The interlude that takes us into New York City is impeccable, it is overlaid with old video and old photos of New York in the Roaring Twenties. Bakshi always manages to inject real art into his film. It’s something captured in the backgrounds of all his films, but here he also uses them to tell part of the story.
Act I
In a nightclub, Zalmie is recruited by Louie to help him pass out chorus slips for a penny. This is Zalmie’s introduction into the entertainment industry. His first night is a success, though his mother worries because he’s out late. Of course, the dancers and other moving characters in these clips are rotoscoped in front of amazing paintings and interspersed with old time film clips of the era. At the end of his first night on the job, is an aerial shot of New York City, very reminiscent of one used in Fritz the Cat.
Next we see Zalmie, not as a kid, but as an adolescent working on his penmanship backstage at a show among the dancers, meanwhile his mother dies in a fire at the sewing shop where she was working to support them.

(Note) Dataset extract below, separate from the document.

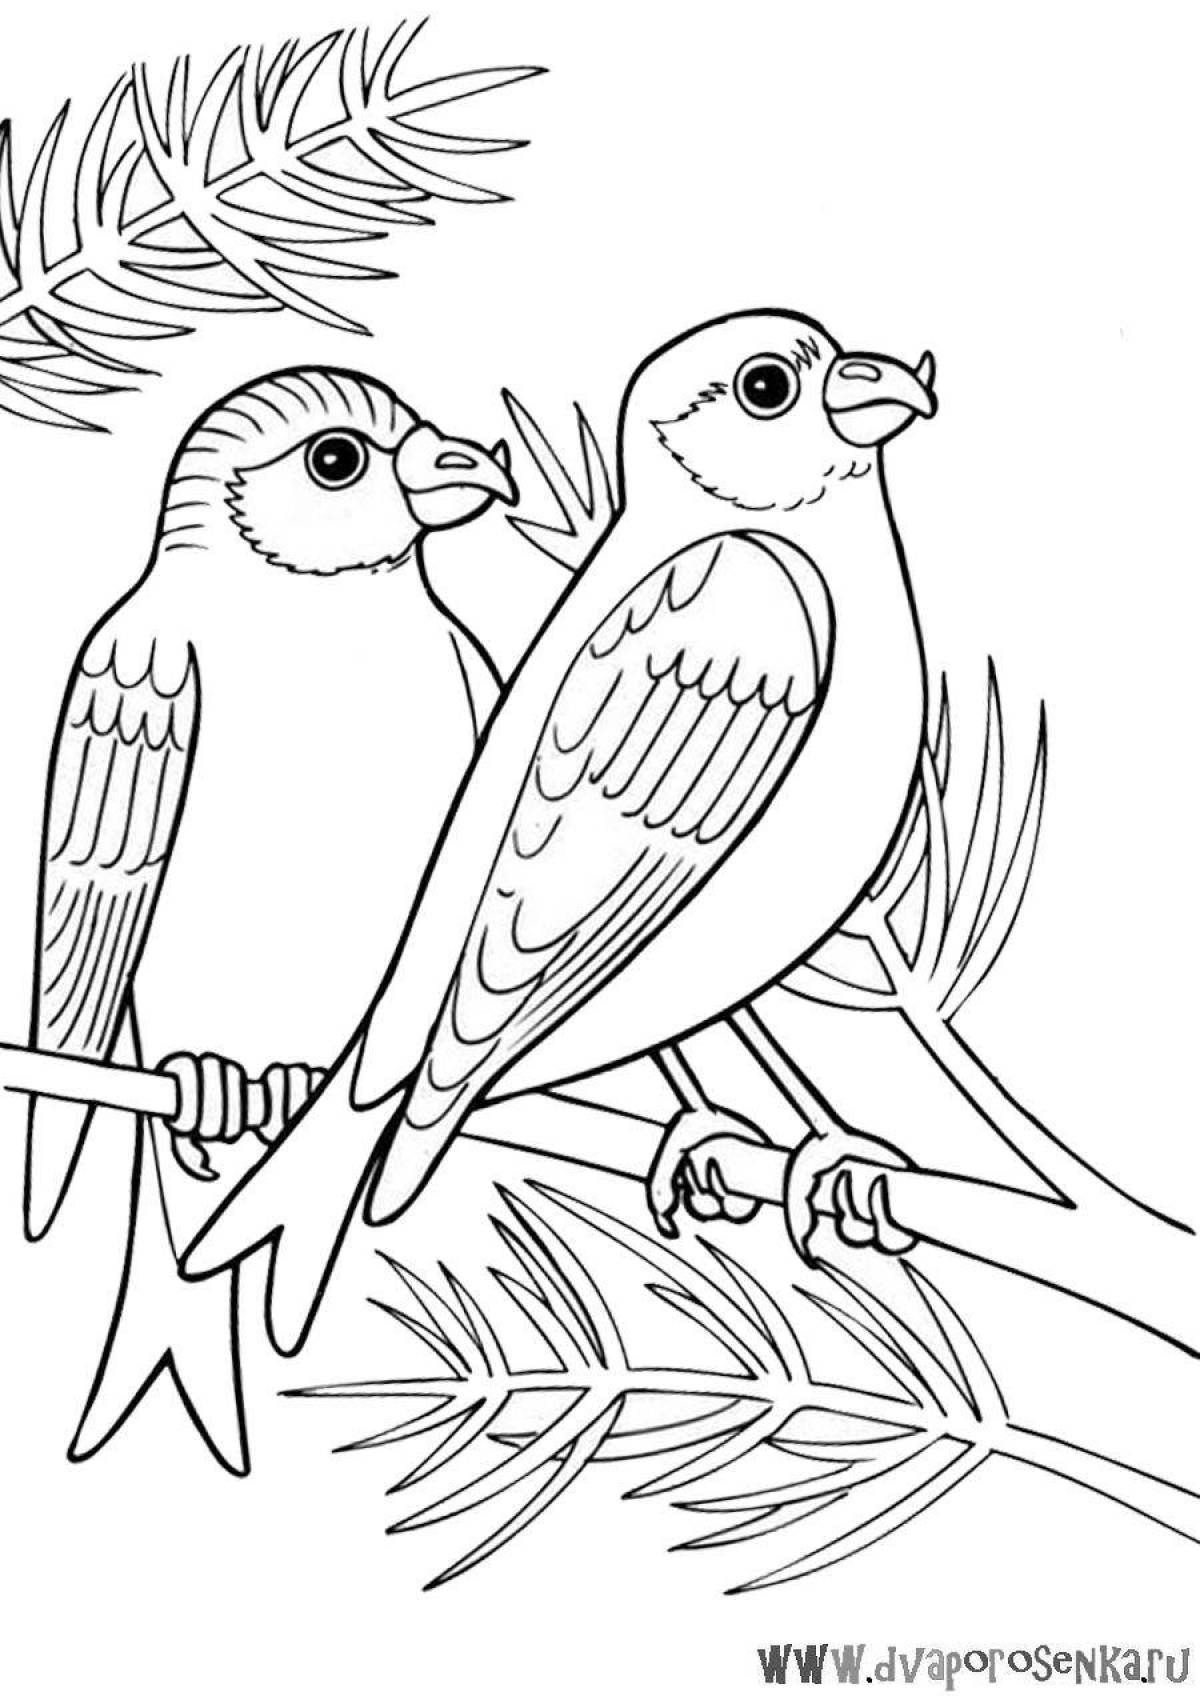 Coloring book joyful winter birds for children 3-4 years old

Next, we see Zalmie, as a teen, singing in a vaudeville show. Louie talking backstage is warned that Zalmie’s voice will change, and he says, “well, let it change… Who says it has to change bad, maybe it’ll change good.” Louie appears to have that kind of positive outlook on life, even though at times, it appears he doesn’t always believe it.

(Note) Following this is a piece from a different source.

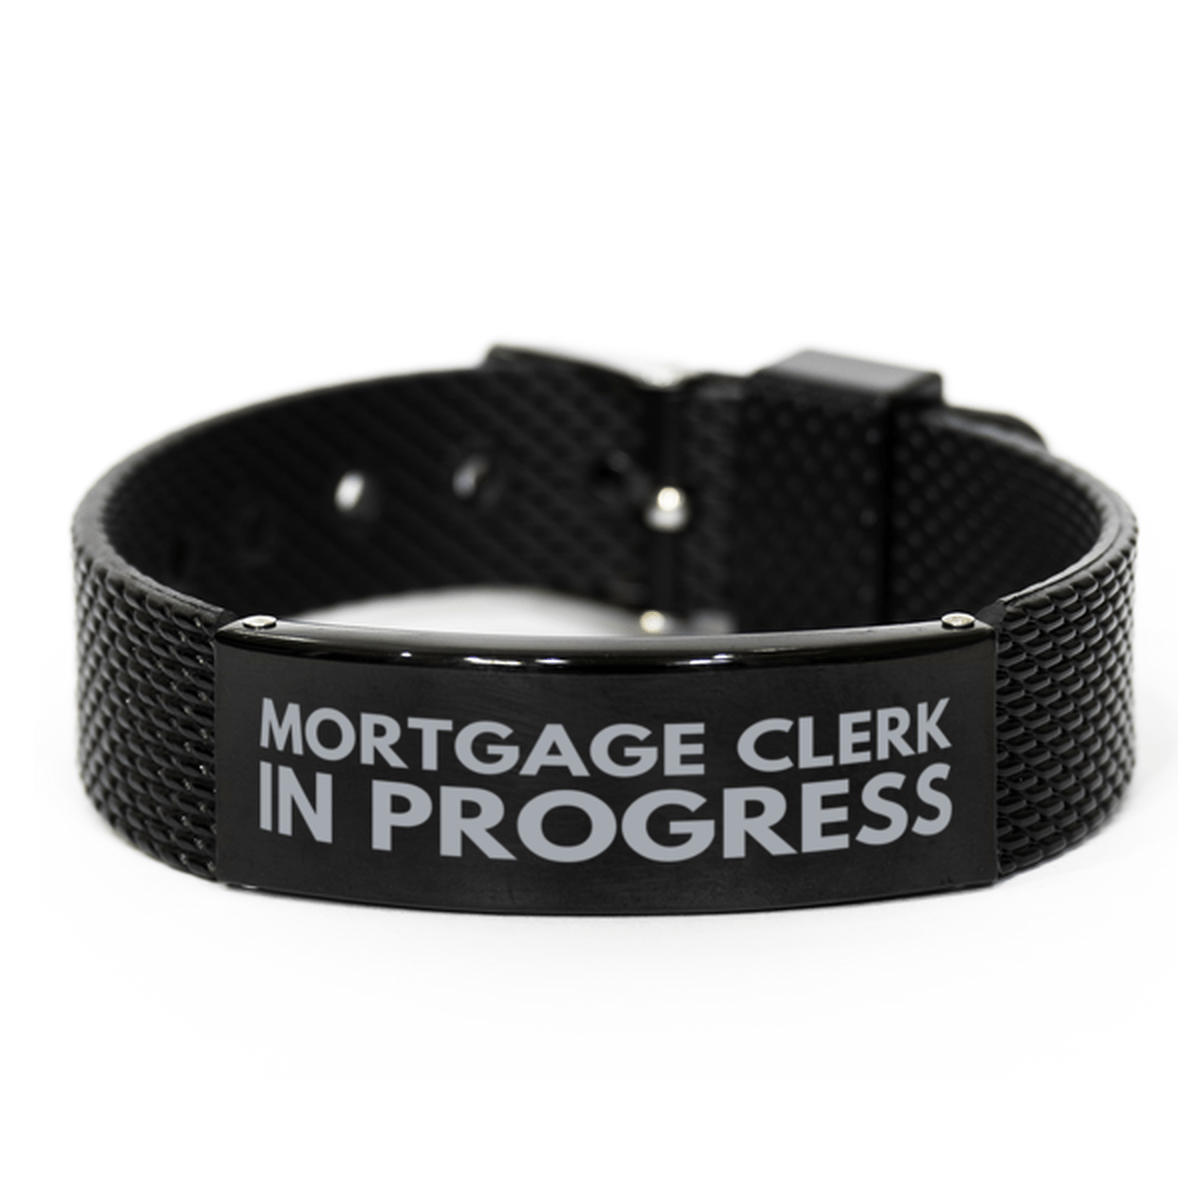 Inspirational Mortgage Clerk Black Shark Mesh Bracelet, Mortgage Clerk In Progress, Best Graduation Gifts for Students

World War I breaks out and Louie sends Zalmie and the rest of his Vaudeville troupe over to France to entertain the troops. It is there, as the ass end of a horse, headed by Louie that a 17 year old Zalmie asks Louie when his voice will change for good, as he doesn’t “want to be a horse’s ass forever.” At the end of their act, there is an attack on the base and Zalmie gets shot with a stray bullet.
Louie, visiting Zalmie in the hospital, ignores the usual plesantries of how are you doing/feeling/etc, sits down and says, “so, you’re voice finally change.” Fast forward back to the New York Vaudeville circuit. Where Zalmie finds love at first site with Bella, one of the dancers.
He goes to talk about Bella with Louie, saying that he’s “seen the most beautiful thing in the world… She was like a rose.” The conversation turns into age, Zalmie says to Louie, “When we first met I thought you were an old man. Now, older I get, younger you get.” Louie answers with, “amazing, ain’t it? Pretty soon we’ll be the same.”
“You want this girl kid? So, go get her?” “Right now?” questions Zalmie. “Right now, right now. In this business, you wait five minutes, you’ll be older than both of us.” It’s quite an amazing sentiment. I don’t presume to know much about old vaudeville, but I’m sure there’s more this conversation about getting older than meets they eye, I just don’t have the eyes to see it.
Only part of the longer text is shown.